Work to be completed: Report every line below that has the string "toplines" in it.

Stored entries
· · · · ·

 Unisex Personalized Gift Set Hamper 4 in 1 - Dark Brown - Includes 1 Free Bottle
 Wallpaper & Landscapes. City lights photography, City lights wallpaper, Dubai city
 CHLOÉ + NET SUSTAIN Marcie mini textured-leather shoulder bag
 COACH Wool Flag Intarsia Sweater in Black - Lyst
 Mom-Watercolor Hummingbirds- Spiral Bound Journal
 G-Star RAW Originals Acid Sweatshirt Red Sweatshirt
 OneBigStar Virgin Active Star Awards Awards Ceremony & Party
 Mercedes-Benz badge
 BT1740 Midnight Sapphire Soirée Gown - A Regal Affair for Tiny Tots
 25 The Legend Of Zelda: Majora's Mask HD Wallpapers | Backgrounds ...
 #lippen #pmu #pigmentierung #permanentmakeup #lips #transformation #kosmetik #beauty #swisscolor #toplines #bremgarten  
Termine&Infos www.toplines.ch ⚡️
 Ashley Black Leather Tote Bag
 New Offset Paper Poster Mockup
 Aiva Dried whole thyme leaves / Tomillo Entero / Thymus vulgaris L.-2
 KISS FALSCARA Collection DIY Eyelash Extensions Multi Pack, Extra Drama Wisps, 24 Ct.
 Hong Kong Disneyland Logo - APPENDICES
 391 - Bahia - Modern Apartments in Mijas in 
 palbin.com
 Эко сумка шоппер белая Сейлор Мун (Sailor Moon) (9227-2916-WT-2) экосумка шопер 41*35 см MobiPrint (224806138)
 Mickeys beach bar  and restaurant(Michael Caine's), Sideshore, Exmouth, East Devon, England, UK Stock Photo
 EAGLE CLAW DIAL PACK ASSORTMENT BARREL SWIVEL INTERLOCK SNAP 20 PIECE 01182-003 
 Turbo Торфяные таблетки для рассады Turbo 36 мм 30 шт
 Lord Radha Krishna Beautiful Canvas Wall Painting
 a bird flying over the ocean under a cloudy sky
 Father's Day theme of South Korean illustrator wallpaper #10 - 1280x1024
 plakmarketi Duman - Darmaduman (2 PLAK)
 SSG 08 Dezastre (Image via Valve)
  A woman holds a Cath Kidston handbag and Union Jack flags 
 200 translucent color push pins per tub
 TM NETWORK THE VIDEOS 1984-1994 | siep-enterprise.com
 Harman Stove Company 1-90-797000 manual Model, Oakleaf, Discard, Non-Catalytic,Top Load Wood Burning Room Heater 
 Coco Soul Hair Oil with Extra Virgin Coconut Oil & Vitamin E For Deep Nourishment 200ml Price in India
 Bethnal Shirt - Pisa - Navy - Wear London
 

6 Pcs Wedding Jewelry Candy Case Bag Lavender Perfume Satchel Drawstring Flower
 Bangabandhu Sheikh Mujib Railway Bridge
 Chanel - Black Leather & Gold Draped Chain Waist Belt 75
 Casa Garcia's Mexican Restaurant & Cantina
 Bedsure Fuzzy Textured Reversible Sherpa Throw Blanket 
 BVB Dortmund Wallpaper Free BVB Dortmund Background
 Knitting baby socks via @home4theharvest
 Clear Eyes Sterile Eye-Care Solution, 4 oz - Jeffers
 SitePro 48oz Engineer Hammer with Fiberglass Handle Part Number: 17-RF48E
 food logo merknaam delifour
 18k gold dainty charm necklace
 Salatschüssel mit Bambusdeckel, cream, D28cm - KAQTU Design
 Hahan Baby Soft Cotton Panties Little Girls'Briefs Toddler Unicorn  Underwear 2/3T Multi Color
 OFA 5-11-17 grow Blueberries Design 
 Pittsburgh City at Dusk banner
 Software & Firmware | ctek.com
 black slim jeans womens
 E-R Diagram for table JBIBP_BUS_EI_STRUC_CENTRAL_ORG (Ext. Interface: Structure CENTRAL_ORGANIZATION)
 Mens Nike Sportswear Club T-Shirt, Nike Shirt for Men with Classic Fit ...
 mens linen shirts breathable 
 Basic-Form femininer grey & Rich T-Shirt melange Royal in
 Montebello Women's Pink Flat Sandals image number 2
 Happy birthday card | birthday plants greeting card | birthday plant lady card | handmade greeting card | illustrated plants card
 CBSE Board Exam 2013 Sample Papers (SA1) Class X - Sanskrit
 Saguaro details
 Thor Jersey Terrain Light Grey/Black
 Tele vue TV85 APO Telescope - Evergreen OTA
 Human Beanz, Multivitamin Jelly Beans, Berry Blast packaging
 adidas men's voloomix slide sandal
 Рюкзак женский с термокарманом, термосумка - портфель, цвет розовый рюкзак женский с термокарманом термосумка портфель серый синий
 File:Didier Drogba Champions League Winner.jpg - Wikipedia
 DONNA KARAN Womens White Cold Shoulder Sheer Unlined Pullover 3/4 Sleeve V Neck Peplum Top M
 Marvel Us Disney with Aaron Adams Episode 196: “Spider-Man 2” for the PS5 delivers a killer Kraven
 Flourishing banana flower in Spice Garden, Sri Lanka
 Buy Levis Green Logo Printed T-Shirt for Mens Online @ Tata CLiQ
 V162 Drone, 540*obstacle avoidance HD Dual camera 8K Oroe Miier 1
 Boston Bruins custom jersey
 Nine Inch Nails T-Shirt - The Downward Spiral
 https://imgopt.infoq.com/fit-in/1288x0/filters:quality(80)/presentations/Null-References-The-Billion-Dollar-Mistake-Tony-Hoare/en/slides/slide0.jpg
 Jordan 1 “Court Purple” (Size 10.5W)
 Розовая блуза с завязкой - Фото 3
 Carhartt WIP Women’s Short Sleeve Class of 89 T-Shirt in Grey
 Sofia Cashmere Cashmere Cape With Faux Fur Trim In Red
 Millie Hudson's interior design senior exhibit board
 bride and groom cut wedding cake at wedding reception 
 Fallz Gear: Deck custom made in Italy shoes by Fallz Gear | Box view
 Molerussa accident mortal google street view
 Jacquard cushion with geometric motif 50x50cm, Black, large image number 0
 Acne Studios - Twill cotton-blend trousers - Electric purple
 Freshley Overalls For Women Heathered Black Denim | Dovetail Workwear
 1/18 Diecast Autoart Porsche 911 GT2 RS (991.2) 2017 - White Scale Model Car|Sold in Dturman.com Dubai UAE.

· · · · ·

Solved exercise:
 #lippen #pmu #pigmentierung #permanentmakeup #lips #transformation #kosmetik #beauty #swisscolor #toplines #bremgarten  
Termine&Infos www.toplines.ch ⚡️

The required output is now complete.